Total recorded duration 47195.816137 ms, 46.94 % of total context life-time 100551.372218 ms Drawcalls (glDraw*) per frame 565.925512

so, mostly 50% of time in GLES2 lib

Warp3D Nova profiling results for Shell Process 'supertuxkart_gl4es_1915':


Total recorded duration 29230.469784 ms, 29.50 % of total context life-time 99092.776356 ms

and 30% of actual drawing stuff.

ptitSeb commented 5 years ago

Oh good ! Can you point me out on that bug-fix, so i can also apply it for amigaos4 build too ? On my side, i also have initially crashes on exit, when thing start to be freed (and that happens also with MiniGL version too), so i think maybe your fix can be related to it.

So it was in src/items/item_manager.hpp and line 41 now is ssgEntity *m_item_model[ITEM_LAST]; (instead of ssgEntity *m_item_model[ITEM_SILVER_COIN+1];)

kas1e commented 5 years ago

Thanks !

so, mostly 50% of time in GLES2 lib and 30% of actual drawing stuff.

As author explain its like this : 50% of whole lifetime (known patched functions, other 50% of lifetime is unnnown at moment) are in gles2 , and that include warp3d time. So, is warp3d one are 30% , then gles2 by itself take only 20%. Probabaly we need simplify a bit final output :)

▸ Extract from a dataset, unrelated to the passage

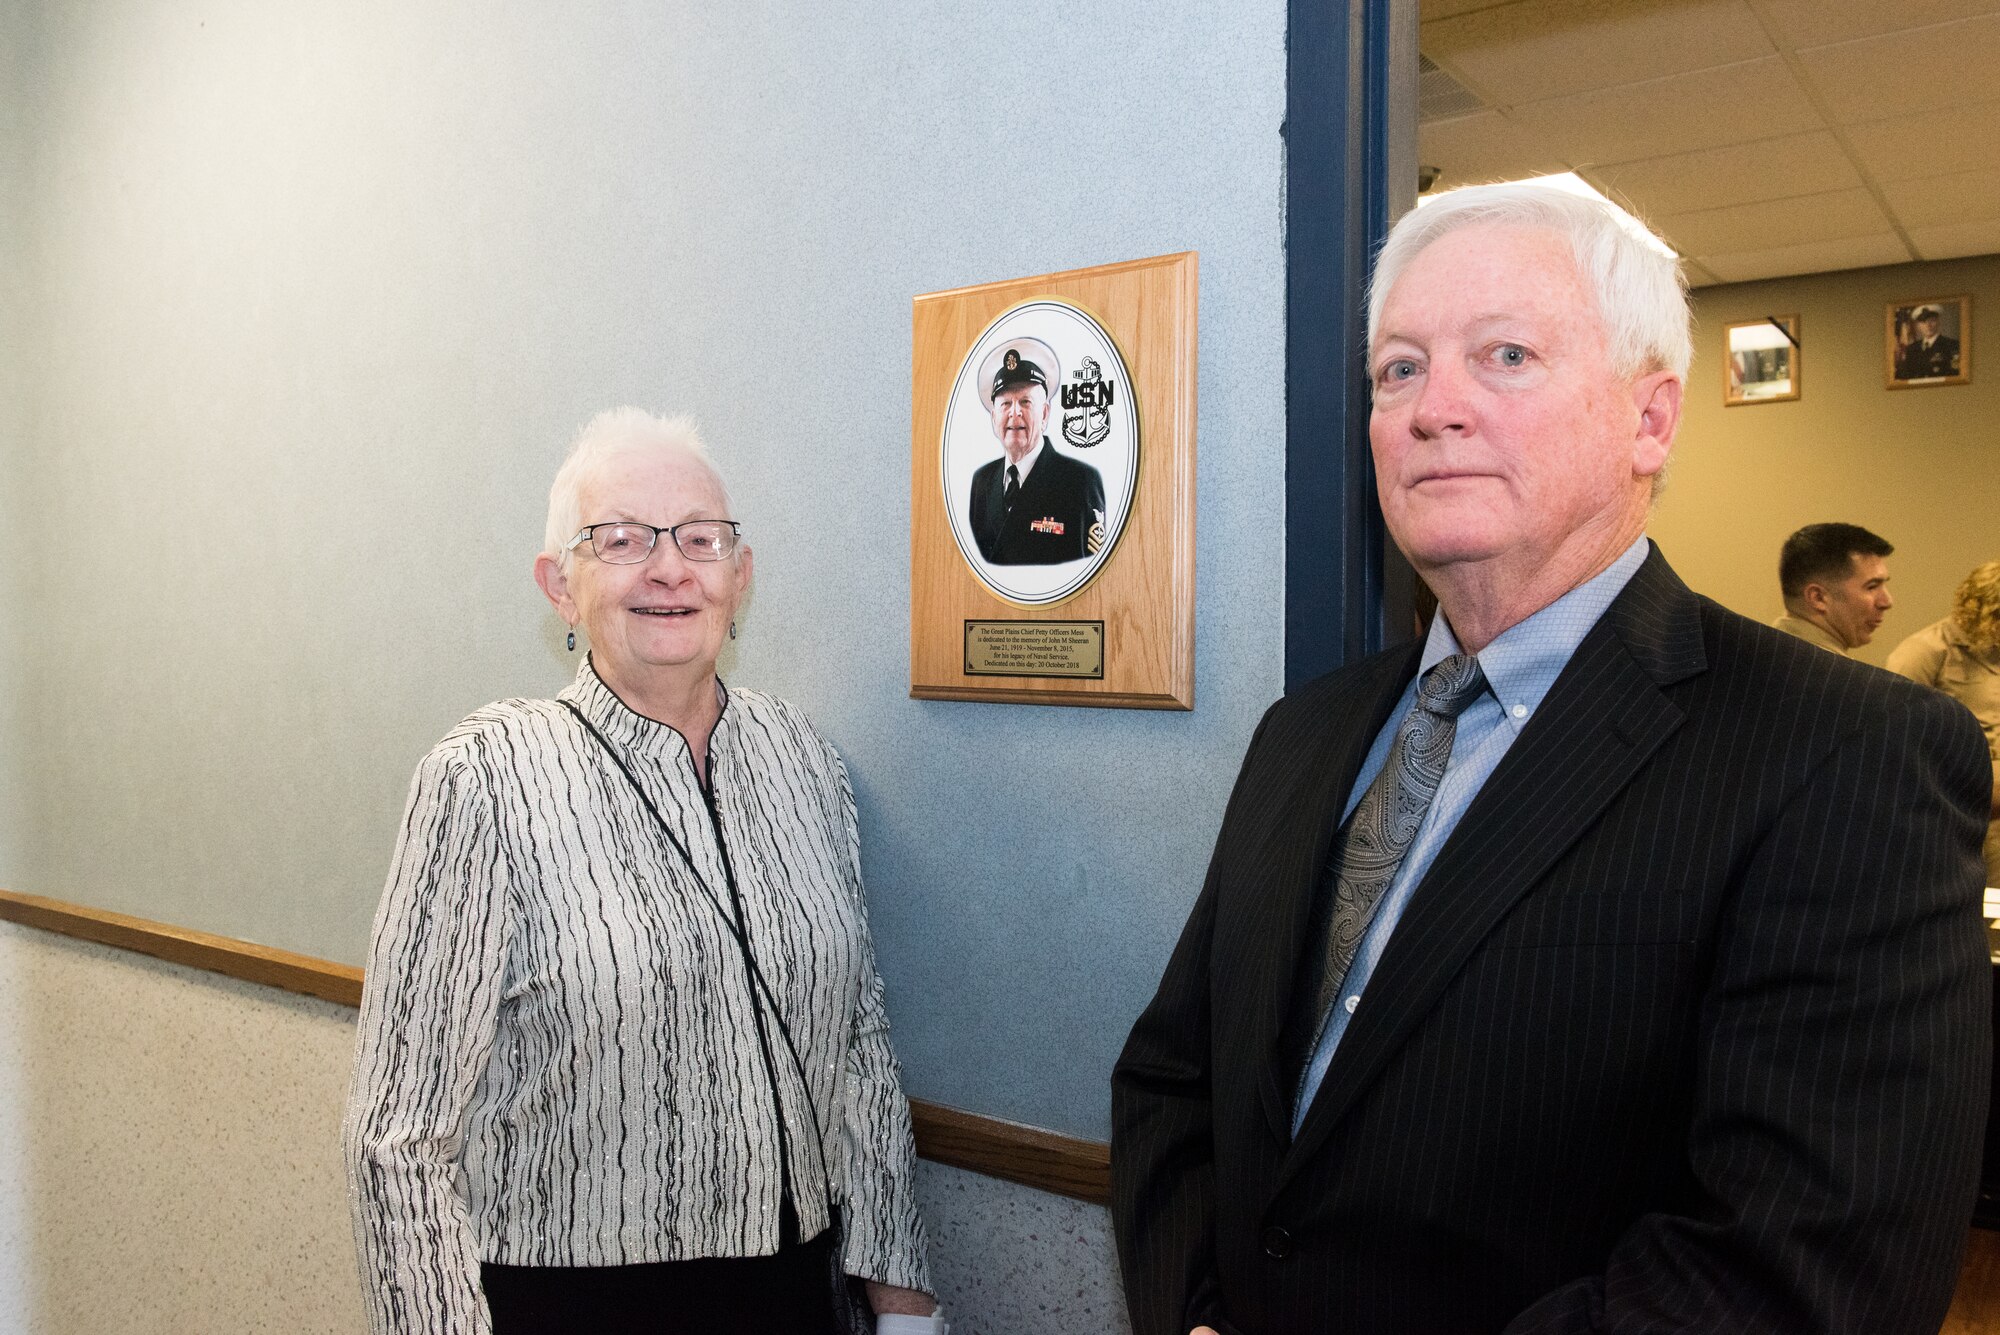 Linda Sheeran, wife of U.S. Navy veteran and retired Chief Petty Officer John Sheeran, and his son, John, pose in front of the plaque outside the Great Plains Chief Petty Officer Association Chief’s Mess that names the room after John following a ceremony at the 55th Operations Support Squadron Oct. 20, 2018.

ptitSeb commented 5 years ago

Yes, I understood that.

Btw, I have just pushed a fix the glList issue that made the menu behave badly. But nothing for the performances, as it is small batch of draw command in many individual glList...

kas1e commented 5 years ago

Yeah, bug fixed.

There is another little cosmetic issue which you probabaly want to fix just to made gl4es be bug-free: when you run game, then hit "single player" , then "quick race", then choice a driver , then choice a track, you then have a screen, with some info, and "start race" button in the middle. Now, the bug part: if you press "start race" as it now, then that info screen didn't erased, and "loading race..." words come up on top of "Start race" words.

Then, if you doing the same, but with LIBGL_BEGINEND 0 , then, it reacts correctly : after pressing on start race, whole screen clears, and only "loading race ..." are shown.

That of course not big deal there, just seems there some issue flying around in gl4es

ptitSeb commented 5 years ago

Yes, I noticed that too, but I'm unsure what's going on there. I need to study the GL trace more carrefully to understand why gl4es would redraw everything.

kas1e commented 5 years ago

That one we can close at moment too imho. That last issue seems disappeared once you made LIBGL_USEVBO 1 as default (or maybe it was some other fix after we check it), so .. it works as should, speed are issues on our side with bufferunlock() speeds probabaly.